Pero apretarse el cinturón en el consumo de vino también está asociado a elegir el lugar y la ocasión de consumo. La gente sale menos a comer y beber a los restaurantes y las tascas. El consumo de vino fuera del hogar ha ido cayendo mucho más que el consumo en casa. Y las veces que se sale con la familia o los amigos es frecuente que se opte por bebidas más baratas, por lo que el vino se ve desplazado por cervezas y refrescos. A su vez, consciente de las nuevas preferencias de los consumidores, la restauración responde con vinos más baratos y ofertas especiales.

Pero un capricho es un capricho y sigue habiendo muchos consumidores que no quieren renunciar a vinos de calidad. Y ante las amplias diferencias de precios de un mismo vino en la restauración y en el supermercado se inclinan cada vez más por comprar barato y consumir en casa (o con los amigos en la barbacoa). En consecuencia, las ventas de vinos de calidad en los canales de distribución masiva se reducen mucho menos y este cambio desencadena cambios sustanciales en las estrategias de venta de las bodegas.

¿Y cuáles son las implicaciones de esta situación para los vinos canarios? Primero, los vinos canarios tienen precios relativamente elevados, por lo que su sensibilidad ante la crisis económica es pronunciada. Segundo, si antes de iniciarse la crisis económica gran parte de los vinos canarios con Denominación de Origen se vendía en restaurantes y tascas, hoy la situación es bien distinta. Tercero, varias cosechas cortas ayudaron a que la contracción del mercado no se convirtiera en amplios excedentes, pero la recuperación de los volúmenes producidos puede desembocar en una lucha más intensa por ampliar cuotas de mercado ante los competidores, especialmente otros productores de vinos canarios. Cuarto, la presión sobre los precios de venta hace más difícil que las bodegas adscritas a las Denominaciones de Origen puedan captar un creciente porcentaje de la uva elaborada en su comarca, porque el autoconsumo y las ventas a granel ganan atractivo en un contexto de crisis.

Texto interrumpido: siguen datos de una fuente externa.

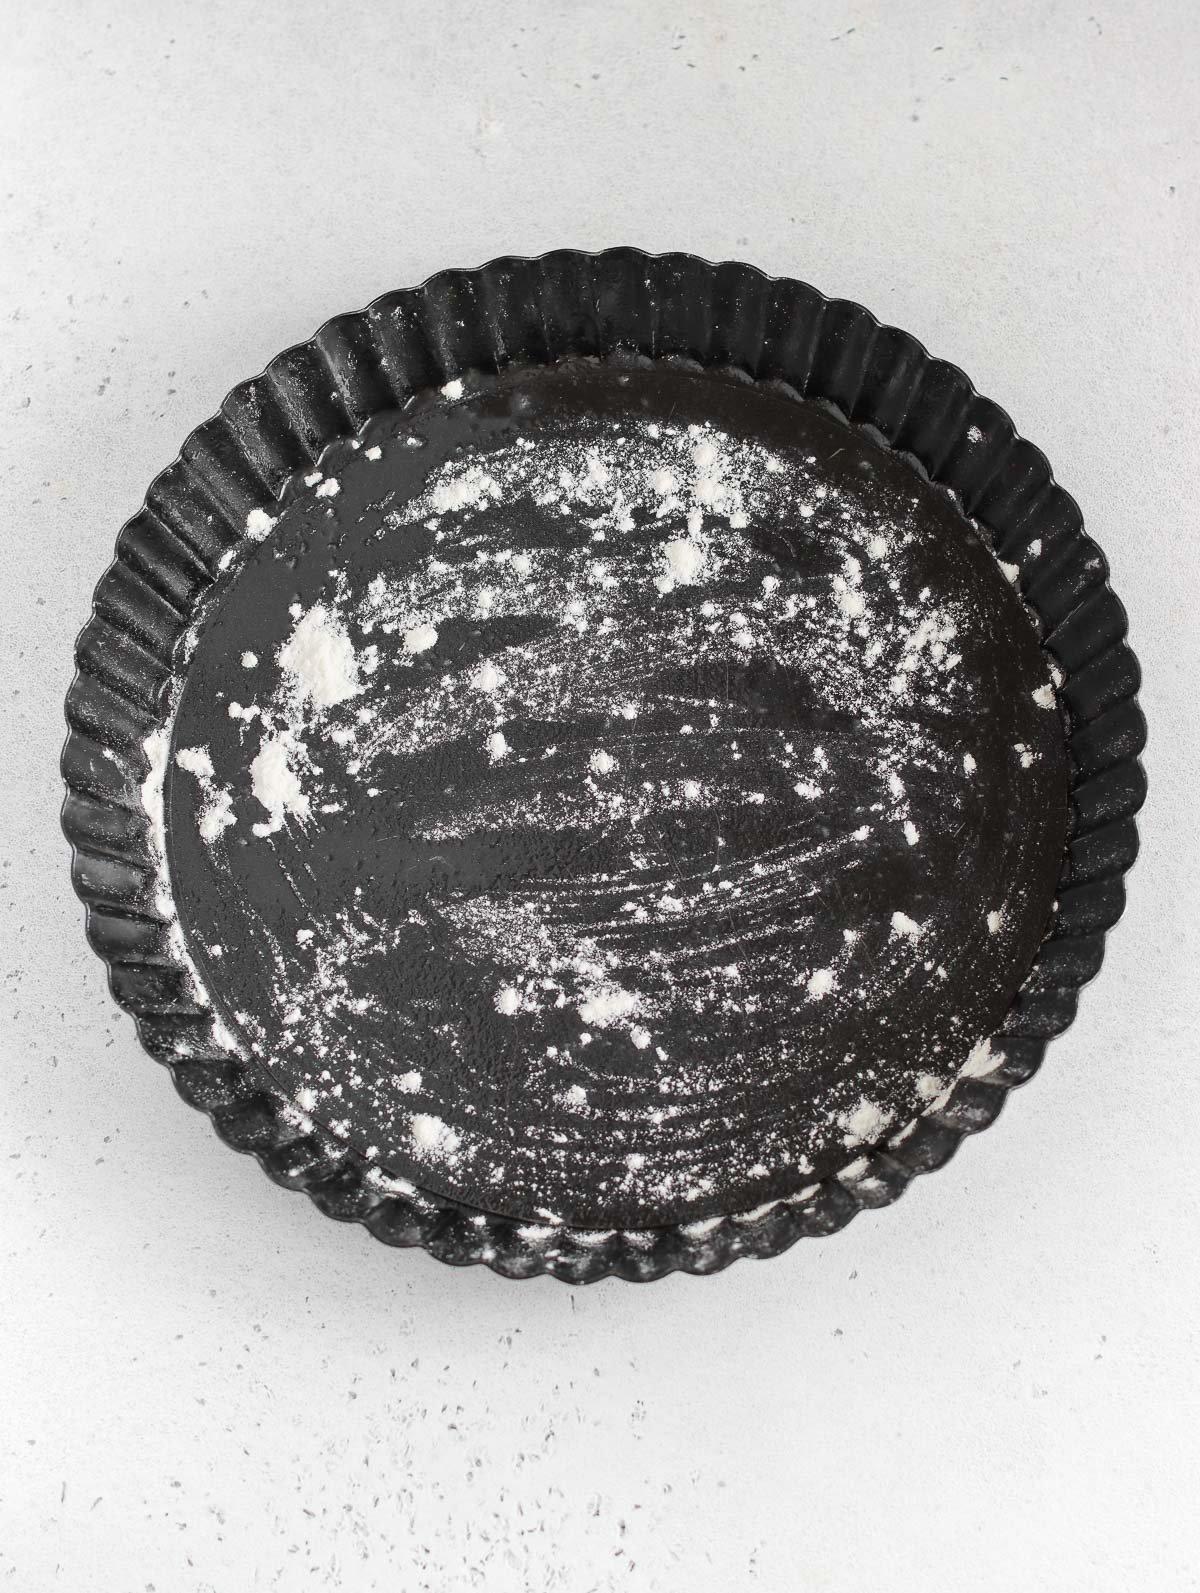 oiled pie dish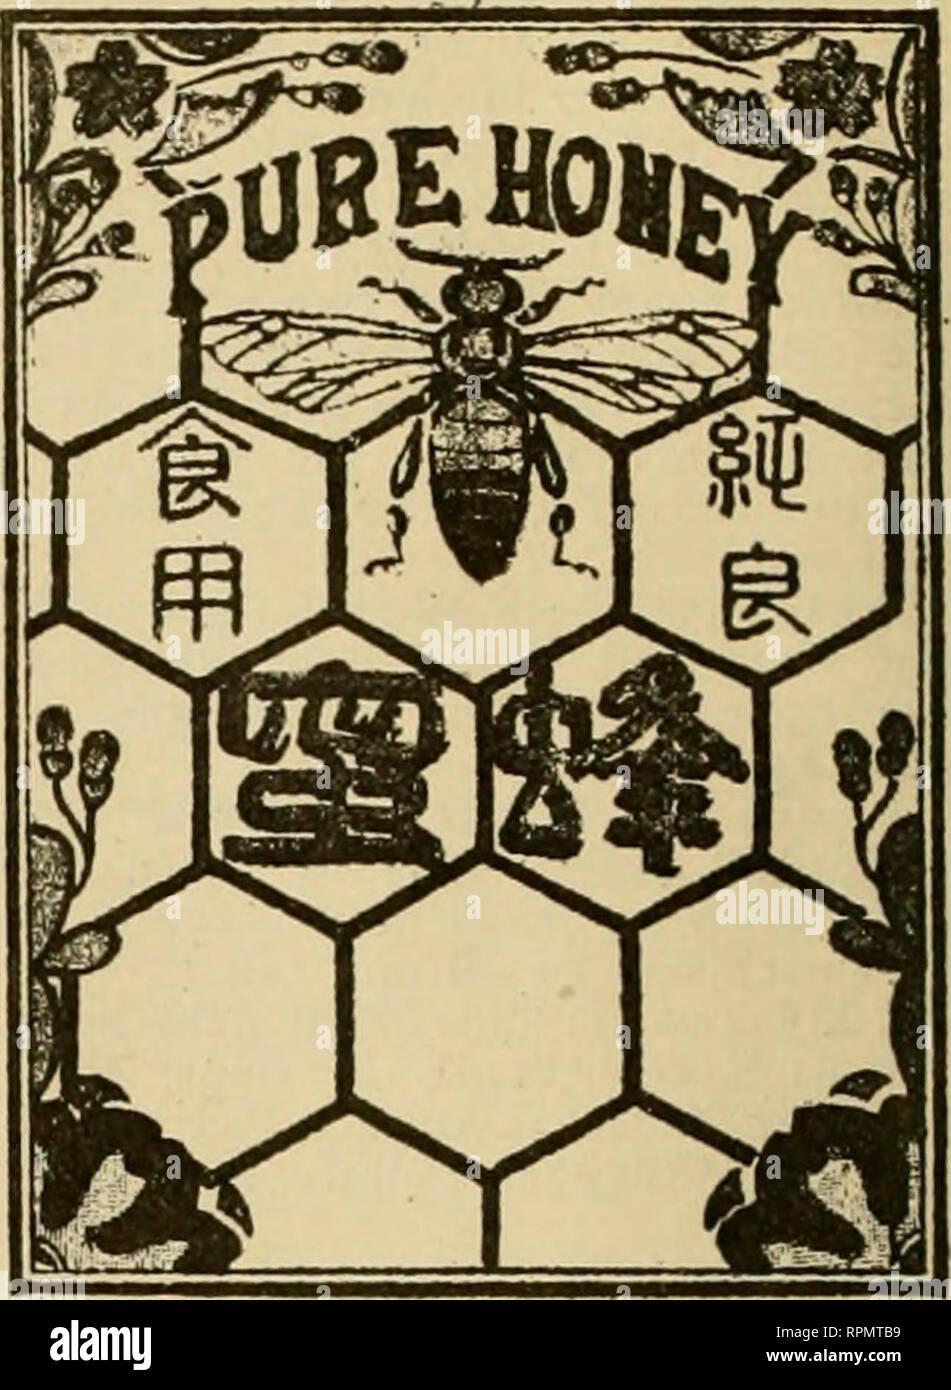 American bee journal  Bee culture

En resumen, la crisis económica está suponiendo un difícil reto para los vinos canarios de calidad. Deben adaptarse a una situación nueva, marcada por la presión sobre los precios y la ampliación del esfuerzo de promoción en grandes superficies y supermercados. Siguen contando con la valoración positiva de los consumidores canarios, pero deben dar respuesta a la necesidad de encontrarlos a precios asequibles. Caprichos sí, pero más en casa.


D.G.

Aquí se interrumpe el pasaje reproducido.